This work addresses the challenge of accurately capturing subtle variations in human driving preferences, which existing imitation learning methods struggle to model. To this end, it introduces vision-language models (VLMs) into preference alignment for autonomous driving, leveraging their zero-shot reasoning capability to automatically generate high-quality preference pairs from pre-trained trajectories. These synthetic preferences are then used to fine-tune a motion prediction model via Direct Preference Optimization (DPO), achieving strong alignment with human driving behaviors without any manual annotation. Experiments on the Waymo Open Dataset for End-to-End Driving (WOD-E2E) demonstrate that the proposed approach reduces the Average Displacement Error (ADE) by 10.01% and improves the Rate of Following Success (RFS) by 11.94% over baseline models, significantly enhancing the consistency of autonomous driving behavior with human preferences.
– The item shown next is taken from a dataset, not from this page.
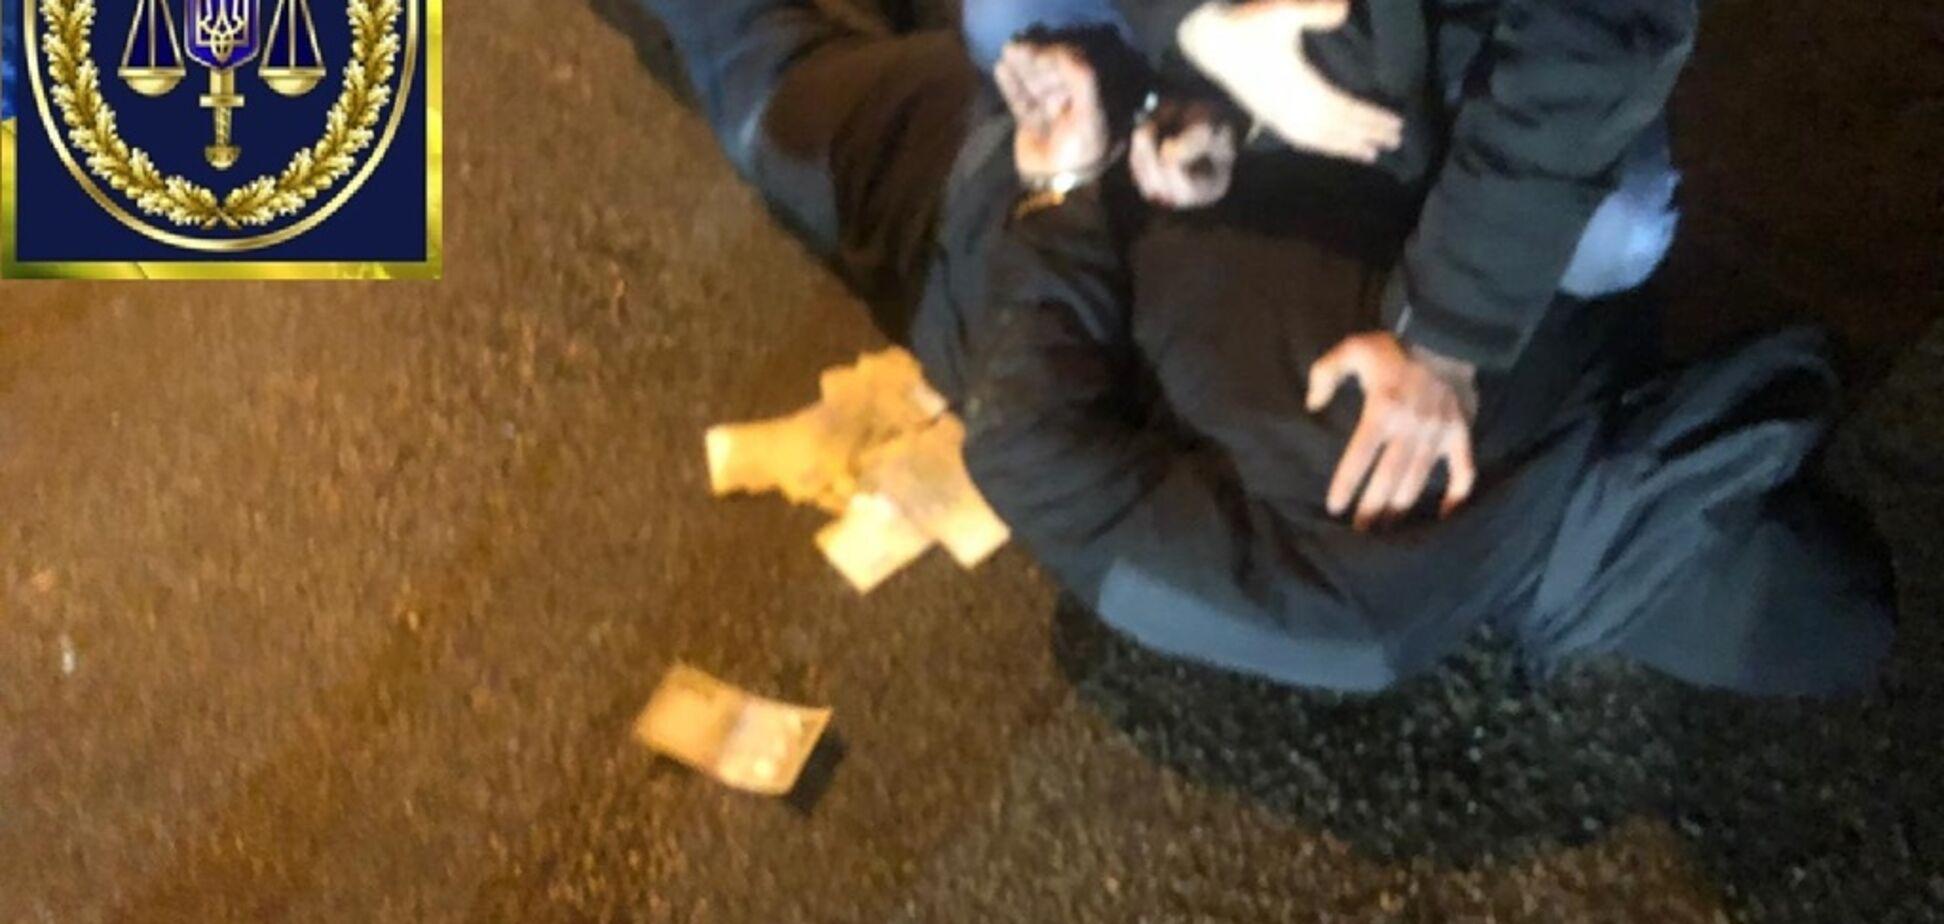 В Киеве на крупной взятке задержан замдиректора государственной ''оборонки'': детали спецоперации

The rapid growth of autonomous driving datasets has enabled the scaling of powerful motion forecasting models. While large-scale pretraining provides strong performance, the standard imitation objective may not fully capture the complex nuances of human driving preferences. Meanwhile, recent advances in vision-language models (VLMs) have demonstrated impressive reasoning and commonsense understanding. Building on these capabilities, this paper presents VL-DPO, a vision-language-guided framework that aligns ego-vehicle motion forecasting models with human preferences. Our approach leverages a VLM as a zero-shot reasoner to automatically generate preference pairs from a pretrained model's rollouts, which are then used to finetune the model via Direct Preference Optimization (DPO). We finetune our models on the Waymo Open End-to-End Driving Dataset (WOD-E2E) and evaluate performance against held-out human preference annotations using rater feedback score (RFS) and average displacement error (ADE). Our experiments confirm that the VLM's trajectory selection is a high-quality proxy for human preference. Our final model, VL-DPO, yields an 11.94% increase in RFS and a 10.01% reduction in ADE over the pretrained model.